Hacker News new | ask | show | jobs
by danShumway 953 days ago
I'd view this article as an example. I suspect it's not that hard to get a malicous document into someone's drive; basically any information you give to Bard is vulnerable to this attack if Bard then interacts with 3rd-party content. Email agents also come to mind, where an attacker can get a prompt into the LLM by sending an email that the LLM will then analyze in your inbox. Basically any scenario where an LLM is primed with a user's data and allows making external requests, even for images.

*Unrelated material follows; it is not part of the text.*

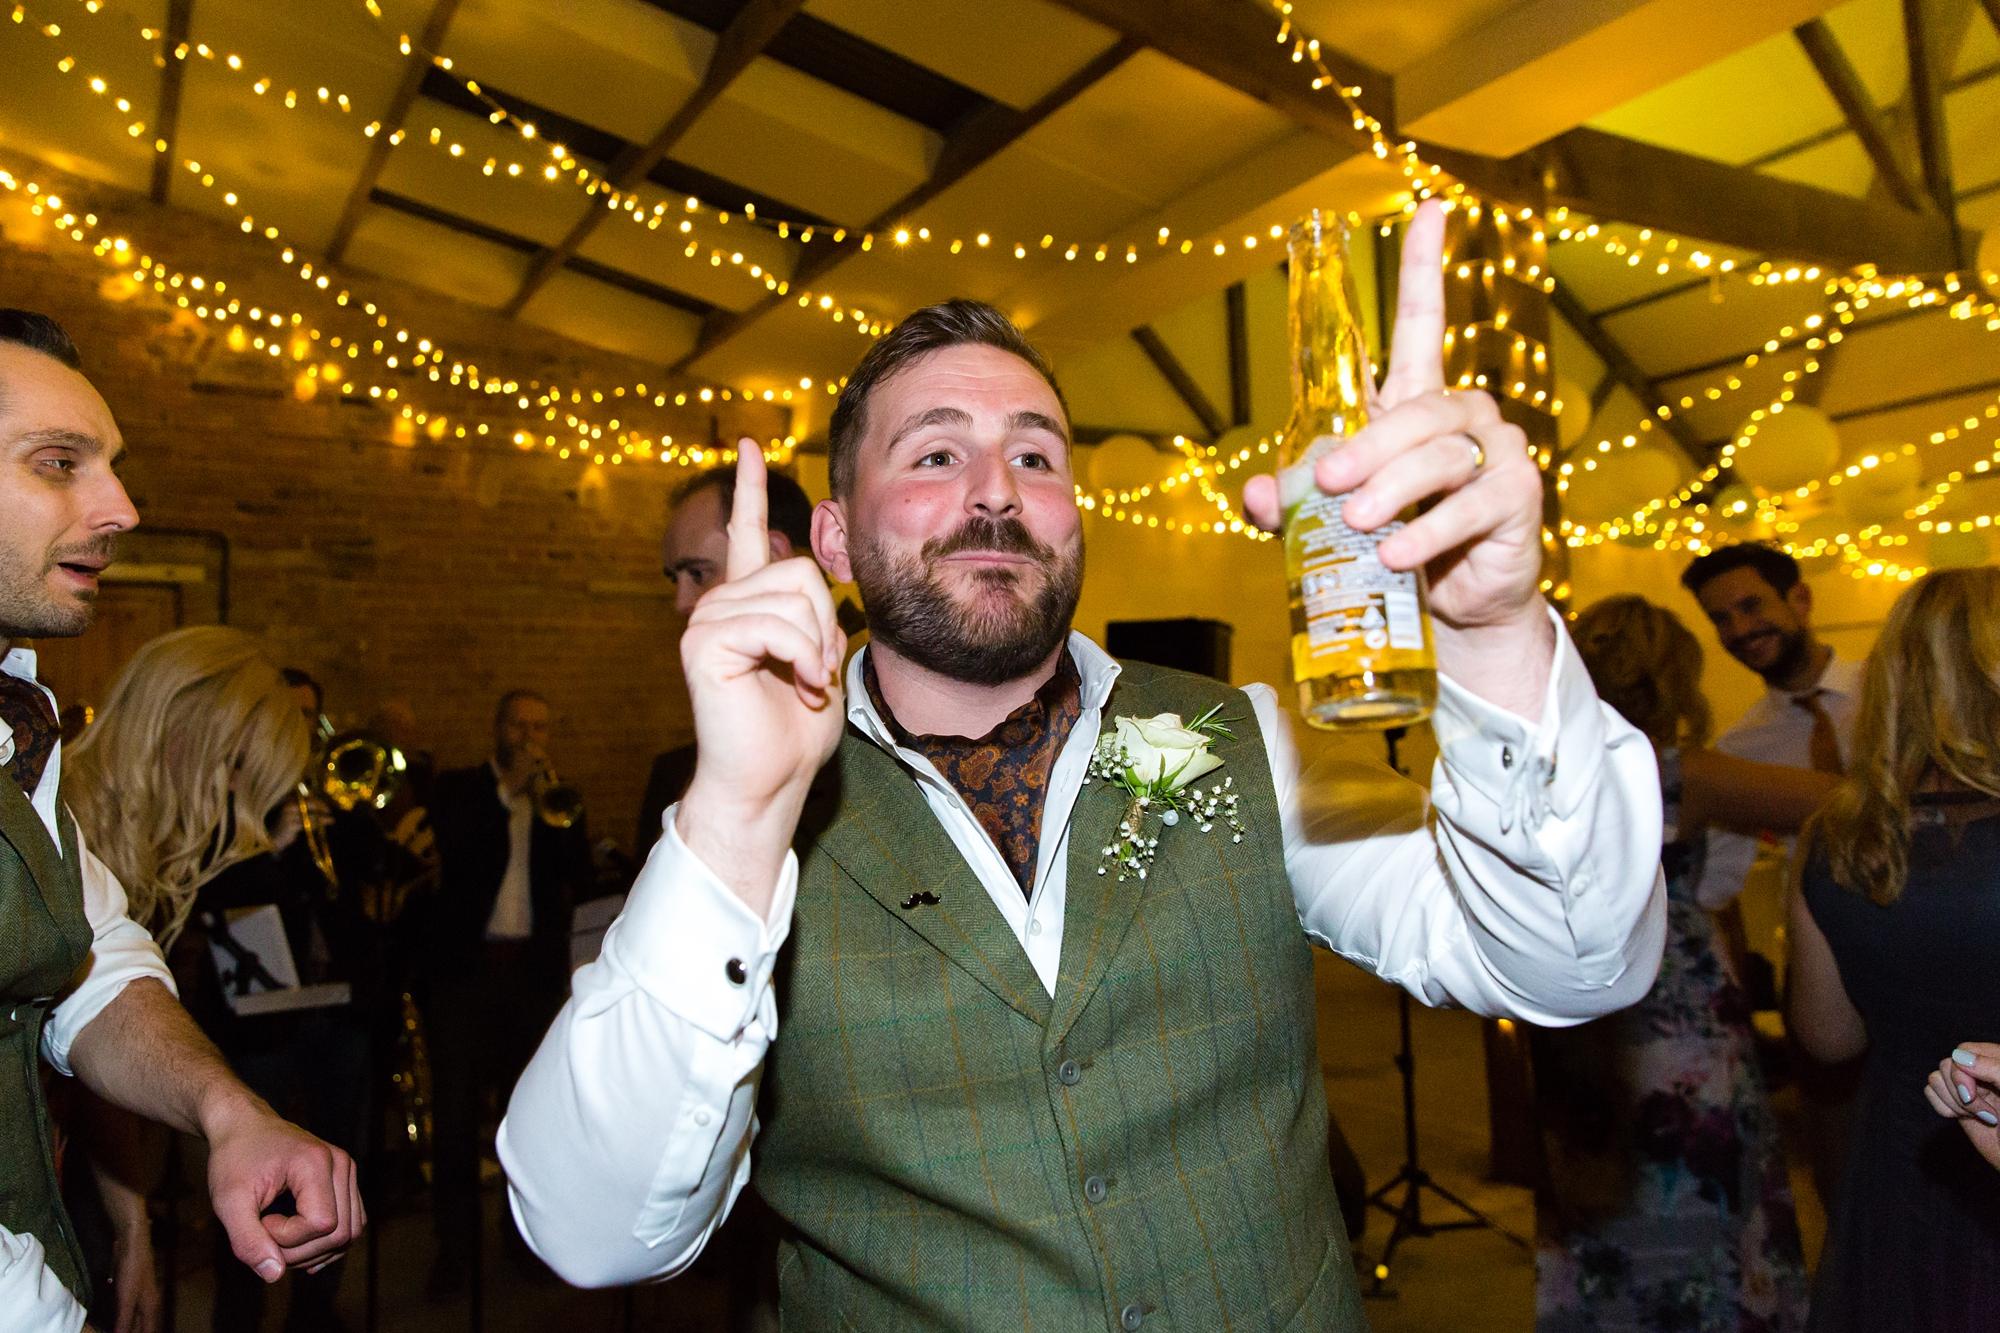 Dancing & partying at York Wedding Photography at Barmbyfield Barns

Integration between assistants is another problem. Let's say you're confident that a malicious prompt can never get into your own personal Google Drive. But let's say Google Bard keeps the ability to analyze your documents and also gains the ability to do web searches when you ask questions about those documents. Or gets browser integration via an extension.

Now, when you visit a malicious web page with hidden malicious commands, that data can be accessed and exfiltrated by the website.

Now, you could strictly separate that data behind some kind of prompt, but then it's impossible to have an LLM carry on the same conversation in both contexts. So if you want your browsing assistant to be unable to leak information about your documents or visited sites, you need to accept that you don't get the ability to give a composite command like, "can you go into my bookmarks and add 'long', 'medium', or 'short' tags based on the length of each article?" Or at least, you need to have a very dedicated process for that as opposed to a general one, which makes sure that there is no singular conversation that touches both your bookmarks and the contents of each page. They need to be completely isolated from each other, which is not what most people are imagining when they talk about general assistants.

Remember that there is no difference between prompt extraction by a user and conversation/context extraction from an attacker. They're both just getting the LLM to repeat previous parts of the input text. If you have given an LLM sensitive information at any point during conversation, then (if you want to be secure) the LLM must not interact with any kind of untrusted data, or it must be isolated from any meaningful APIs including the ability to make 3rd-party GET requests and it must never be allowed to interact with another LLM that has access to those APIs.

1 comments

Properly sandboxing and firewalling LLMs is going to be the killer app.